Deploying Datos IO RecoverX to Protect MongoDB Databases

By: Tarun Thakur, Rubrik Datos IO

This tutorial shows how to deploy and configure Datos IO RecoverX to protect your MongoDB database cluster. This tutorial assumes that your MongoDB database is already deployed and fully operational.

For typical deployments, RecoverX is located in the same project as the MongoDB cluster that needs to be protected. The following diagram shows a representative deployment.

Reference architecture for Dataos IO RecoverX for MongoDB

Deploying RecoverX in a different project requires SSH connections from the RecoverX node to all of the compute instances on which MongoDB is deployed. RecoverX connects to the MongoDB nodes through SSH connections and uses standard MongoDB APIs to extract the data and the oplogs. RecoverX deploys a lightweight agent on each of the selected MongoDB nodes to facilitate interfacing with the MongoDB cluster. Data is streamed in parallel to Cloud Storage and processed in batch mode offline. After the data is copied, RecoverX processes the data to create a golden copy of the database that is cluster consistent and has no replicas.


  • Create a Compute Engine instance for MongoDB.
  • Create a Cloud Storage bucket to store your backup data.
  • Create a Compute Engine instance for RecoverX.
  • Configure the MongoDB database.
  • Deploy RecoverX and connect from a remote location to configure backup policies.


This tutorial uses billable components of Google Cloud, including:

  • Compute Engine
  • Cloud Storage

Use the Pricing Calculator to generate a cost estimate based on your projected usage of Google Cloud.

In addition, RecoverX is licensed directly through Datos IO, based on the physical size of the database that needs to be protected. For pricing-related questions, contact

Before you begin

  1. Select or create a Google Cloud project.

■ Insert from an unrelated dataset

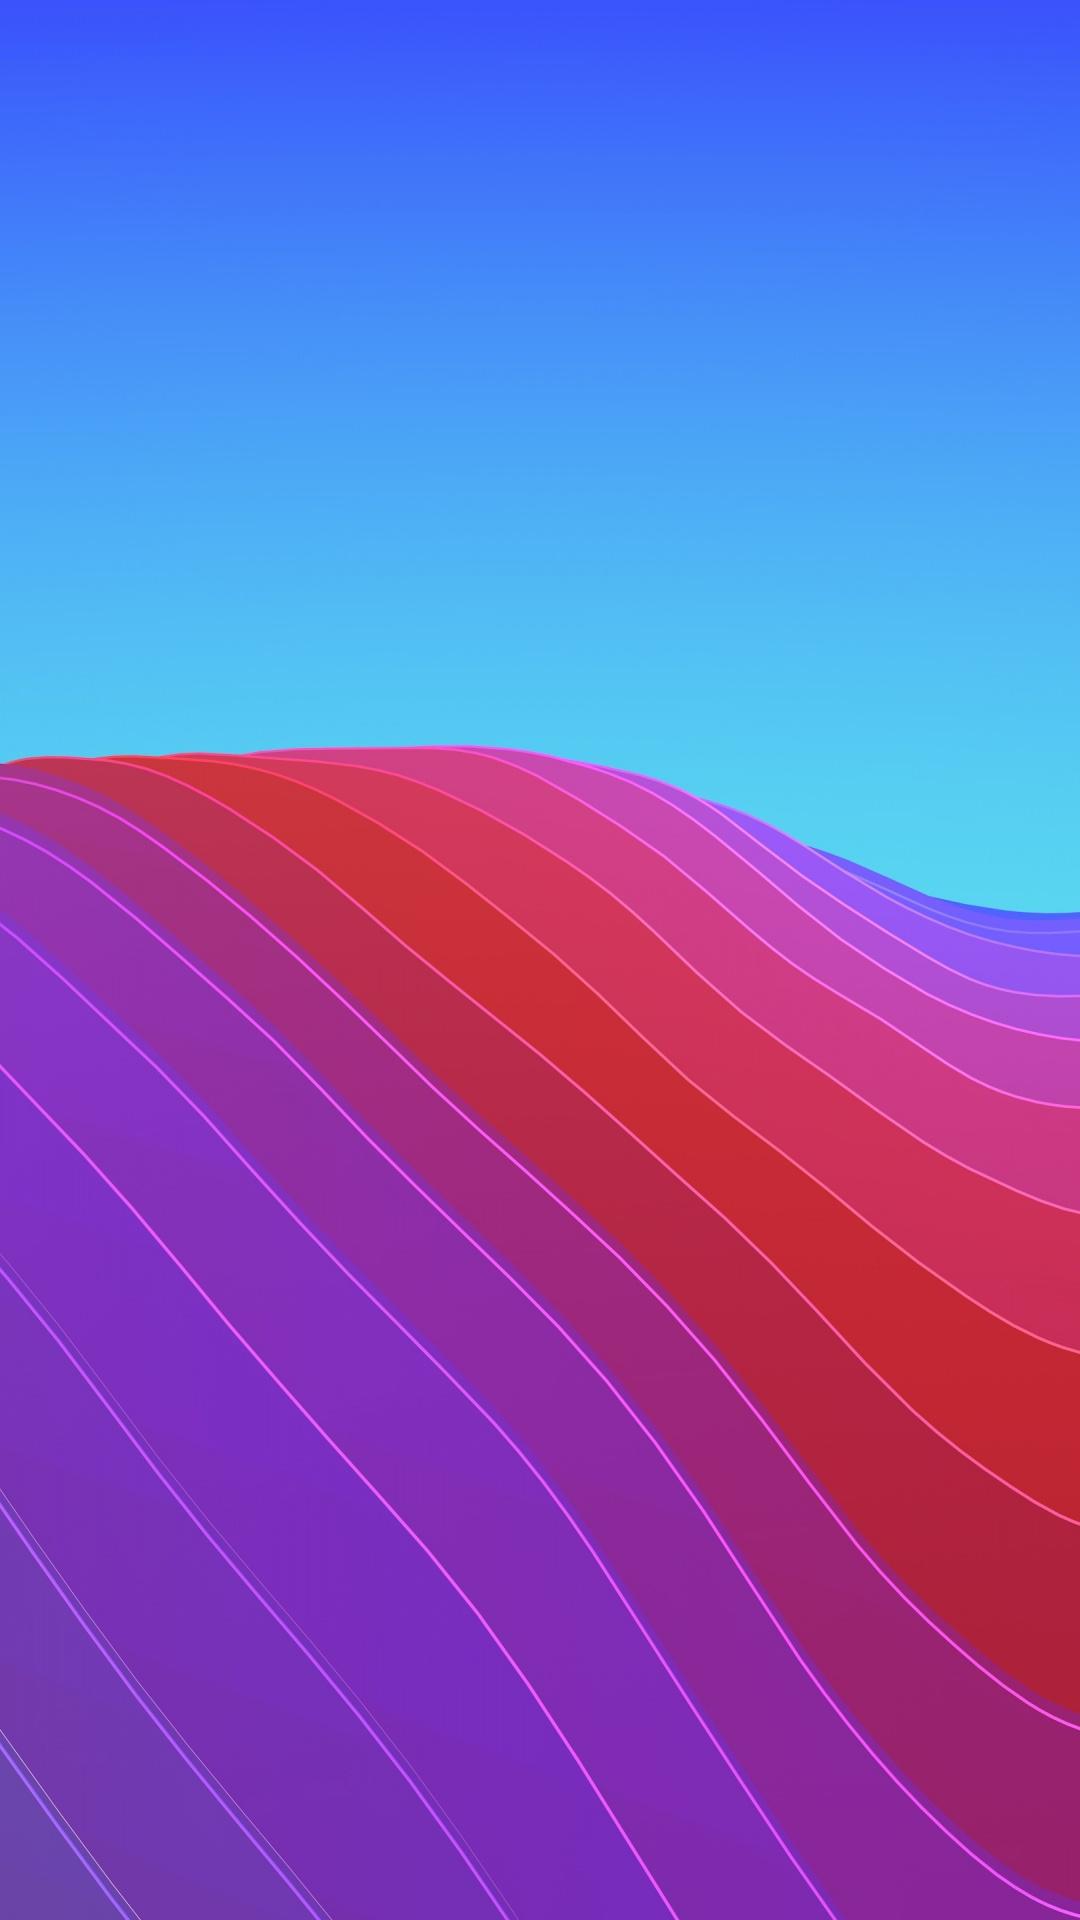 Download 1080x1920 wallpaper waves, abstract, gradient, ios

  2. Enable billing for your project.


When you finish this tutorial, you can avoid continued billing by deleting the resources you created. See Cleaning up for more detail.

Provisioning your infrastructure for the tutorial

To complete this tutorial, create Compute Engine instances for the MongoDB nodes in cluster 1, a Cloud Storage bucket to store the backup data, and a Compute Engine instance for RecoverX in cluster 2.

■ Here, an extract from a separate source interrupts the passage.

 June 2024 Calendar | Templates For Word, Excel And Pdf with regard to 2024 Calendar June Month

Create a Compute Engine instance for the MongoDB nodes

  1. Create a Compute Engine instance. Use n1-standard-4 or the machine type that best meets your requirements.

  2. Deploy MongoDB on the Compute Engine instance.

Create and configure a Cloud Storage bucket

Create a Cloud Storage bucket to store your backup data.

  1. Create a Cloud Storage bucket using the same service account that you used to create the Compute Engine instances for MongoDB nodes.

  2. Configure an Identity and Access Management (IAM) role or Access Control List (ACL) for the service account to allow read and write access to the Cloud Storage bucket with the role of Editor.

Create a Compute Instance for RecoverX

Datos IO RecoverX is scale-out software that is deployed in a single node. The minimum node type is n1-standard-8. The recommended node type for most deployments is n1-standard-16.

  1. Create one Compute Engine instance of type n1-standard-8 using the service account.

  2. For the boot disk, select CentOS 7 or RHEL 7.x.

  3. In the Firewall section, select Allow HTTPS traffic.

  4. For the RecoverX Compute Engine instance, create an SSD disk (blank disk) with a capacity of at least 256 GB.

  5. Select the appropriate network.

  6. Format the file system and mount the volume.

    gcloud compute ssh [RECOVERX_NODE_NAME] \
        'sudo mkfs -t ext4 [VOLUME_NAME]; sudo mkdir /home sudo mount [VOLUME_NAME] /home'


    • [RECOVERX_NODE_NAME] is the name of your RecoverX node.
    • [VOLUME_NAME] is the name of your volume.

Configuring the MongoDB cluster

To protect the MongoDB database cluster using Datos IO RecoverX and extract data from the source cluster, create a Datos IO user account. Create the account and configure authentication for the user with the following minimum requirements:

  • The home directory of datos_db_user must have at least 100 GB local storage.
  • The default shell for datos_db_user must be bash.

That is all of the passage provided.